- _RECORDS FOR PROCESSING_:
%%
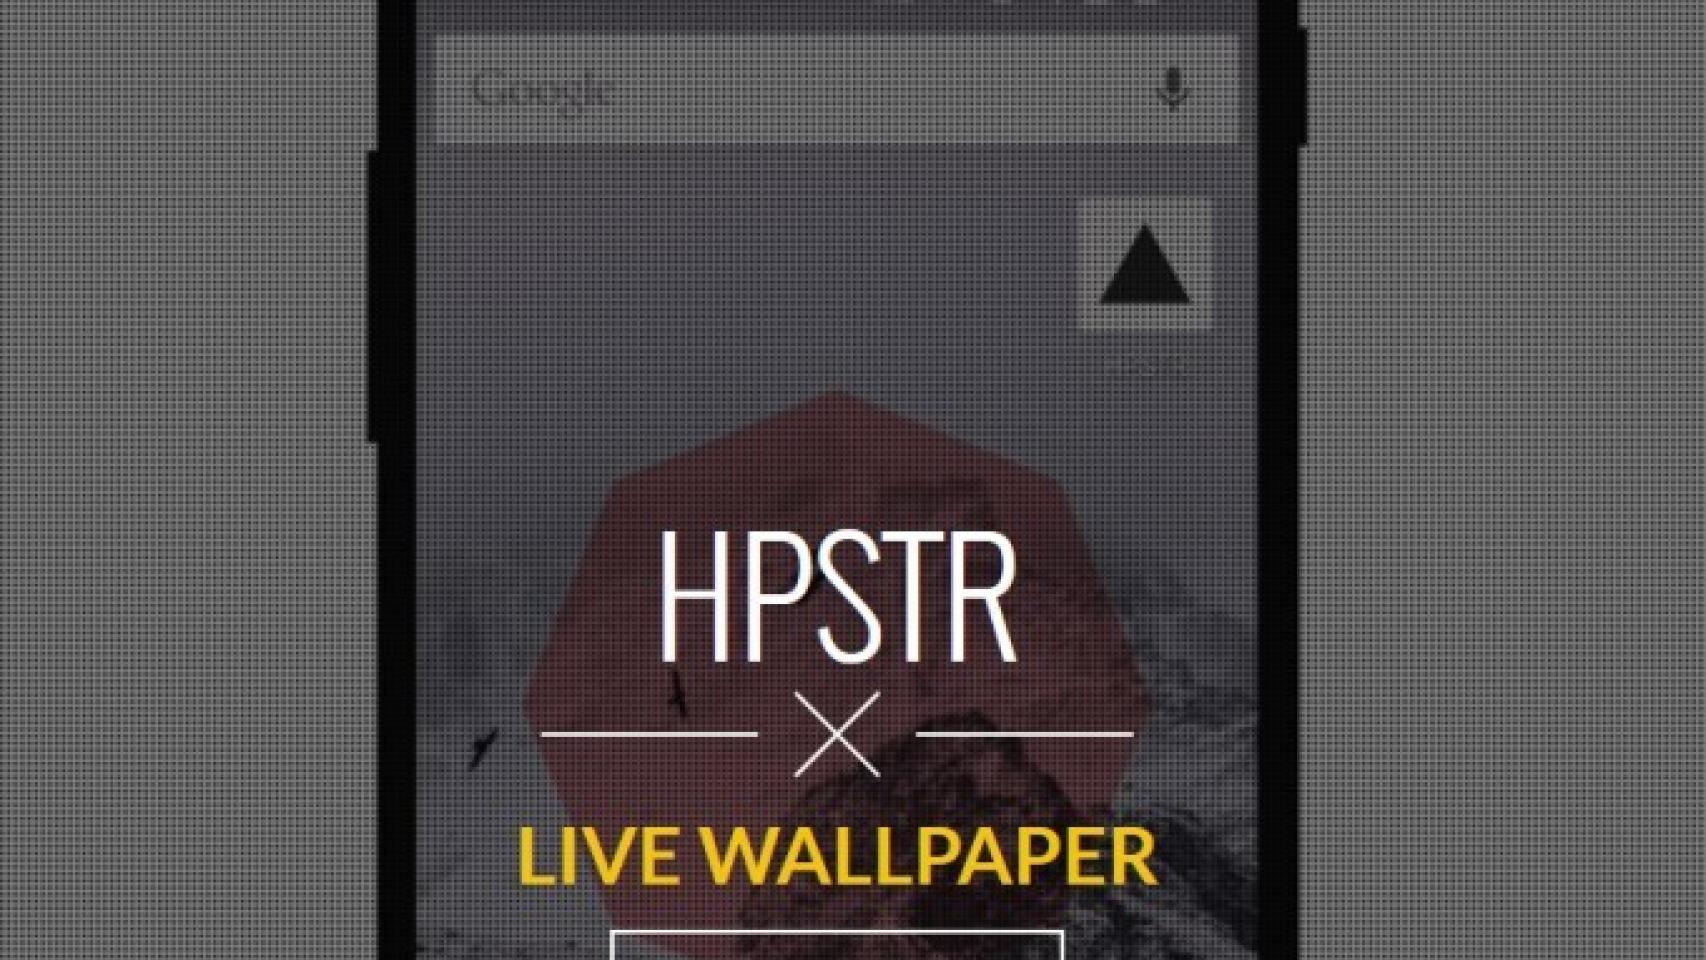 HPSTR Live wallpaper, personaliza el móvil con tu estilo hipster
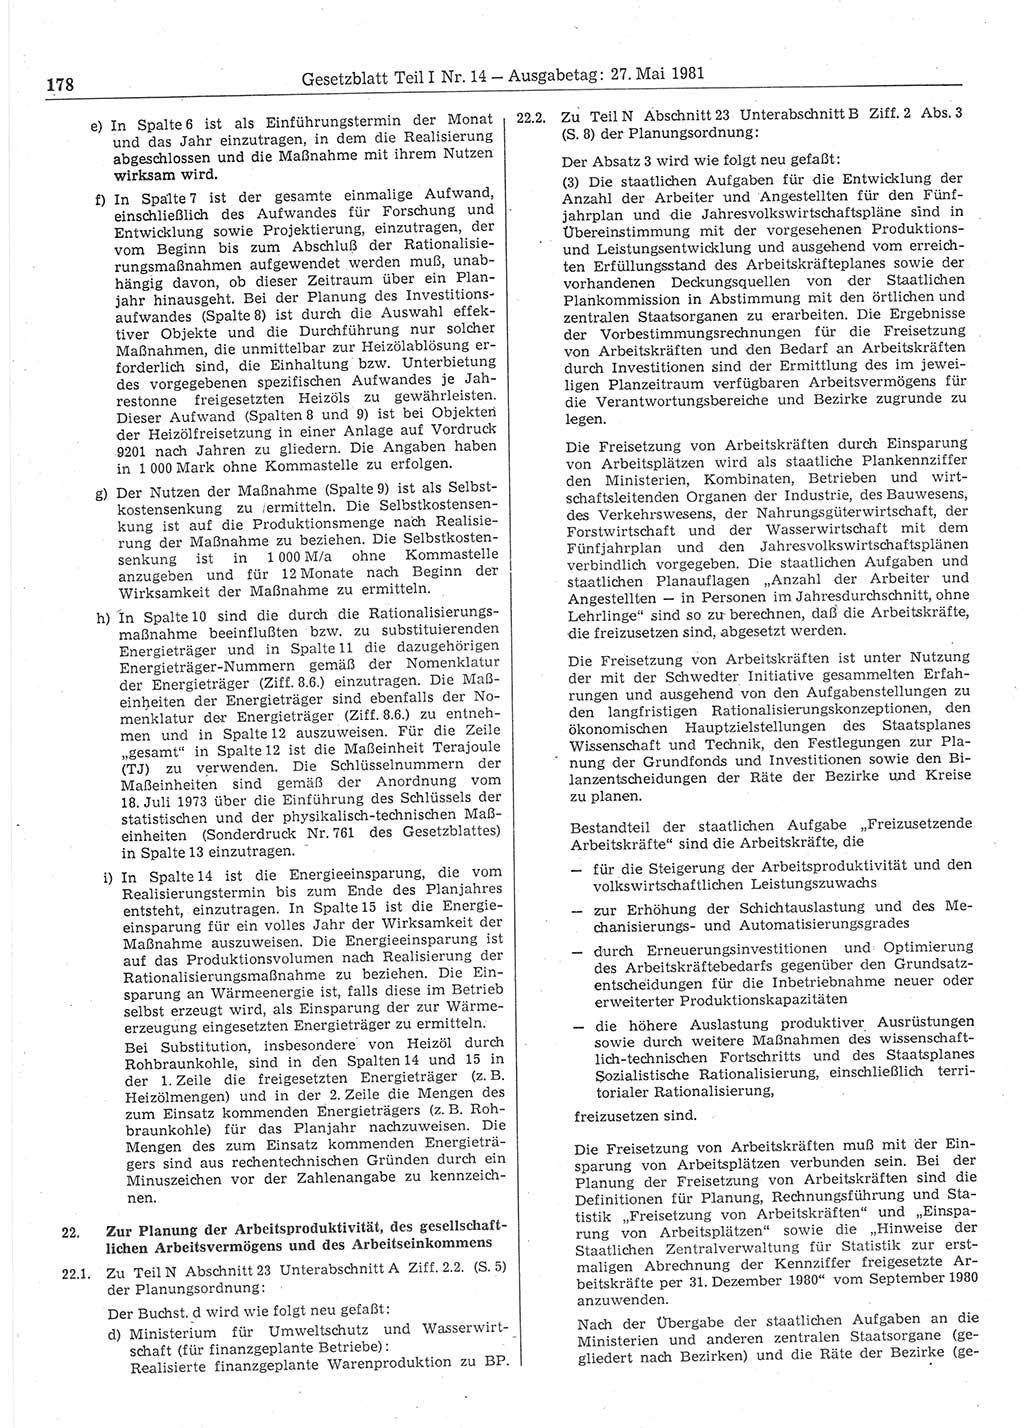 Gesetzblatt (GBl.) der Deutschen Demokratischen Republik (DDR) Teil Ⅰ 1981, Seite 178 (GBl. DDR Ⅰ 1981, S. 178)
%%
%%
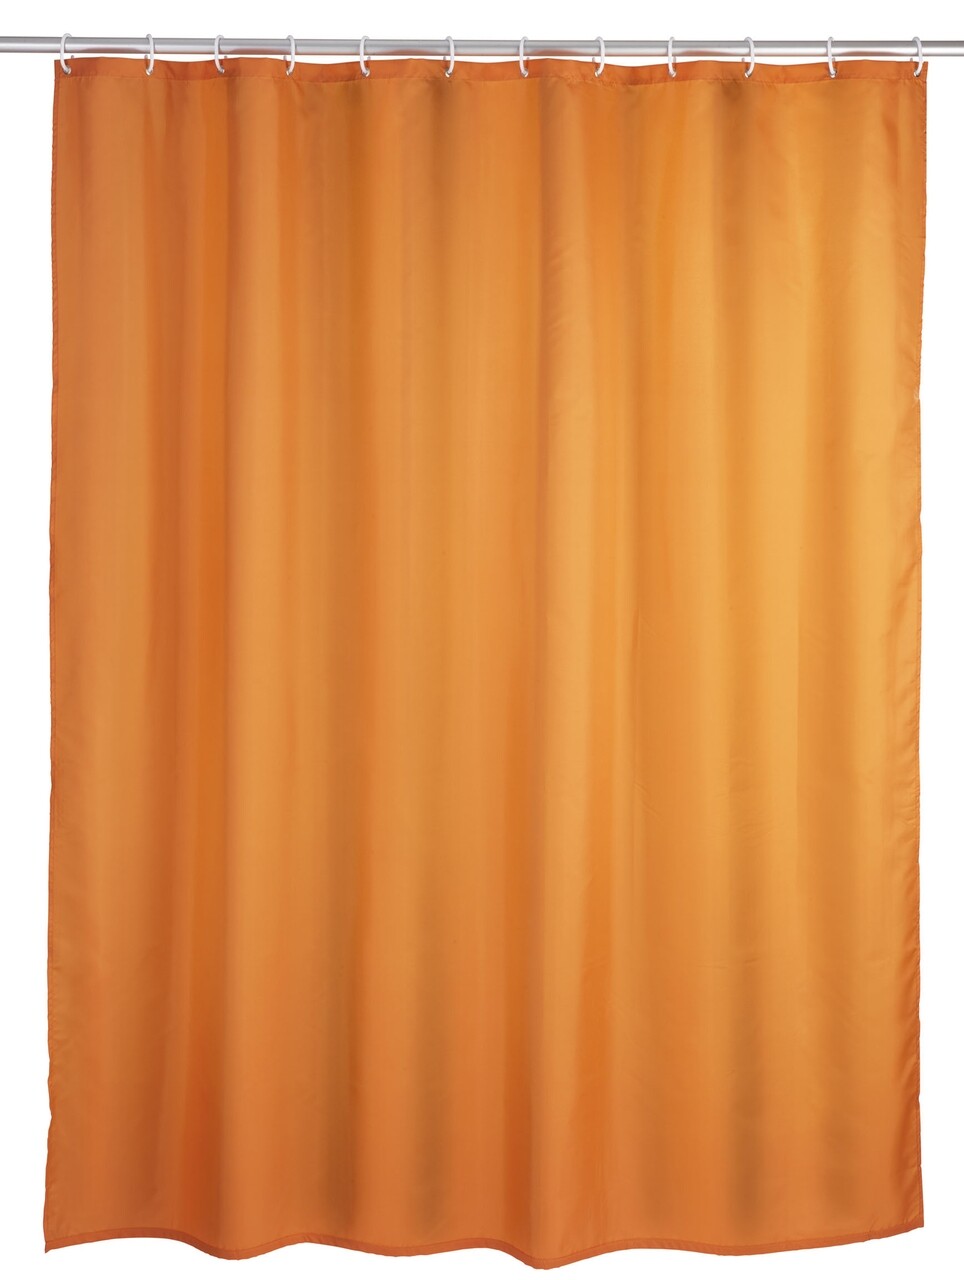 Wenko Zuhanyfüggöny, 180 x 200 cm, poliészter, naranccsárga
%%
- _TASK PROMPT_:
Among the entries above, locate the line with "HPSTR Live wallpaper, personaliza" and the line with "Gesetzblatt (GBl.) der". Give those two lines and all lines between them again, exactly, leaving out the pictures.

- _ANSWER SECTION_:
 HPSTR Live wallpaper, personaliza el móvil con tu estilo hipster
 Gesetzblatt (GBl.) der Deutschen Demokratischen Republik (DDR) Teil Ⅰ 1981, Seite 178 (GBl. DDR Ⅰ 1981, S. 178)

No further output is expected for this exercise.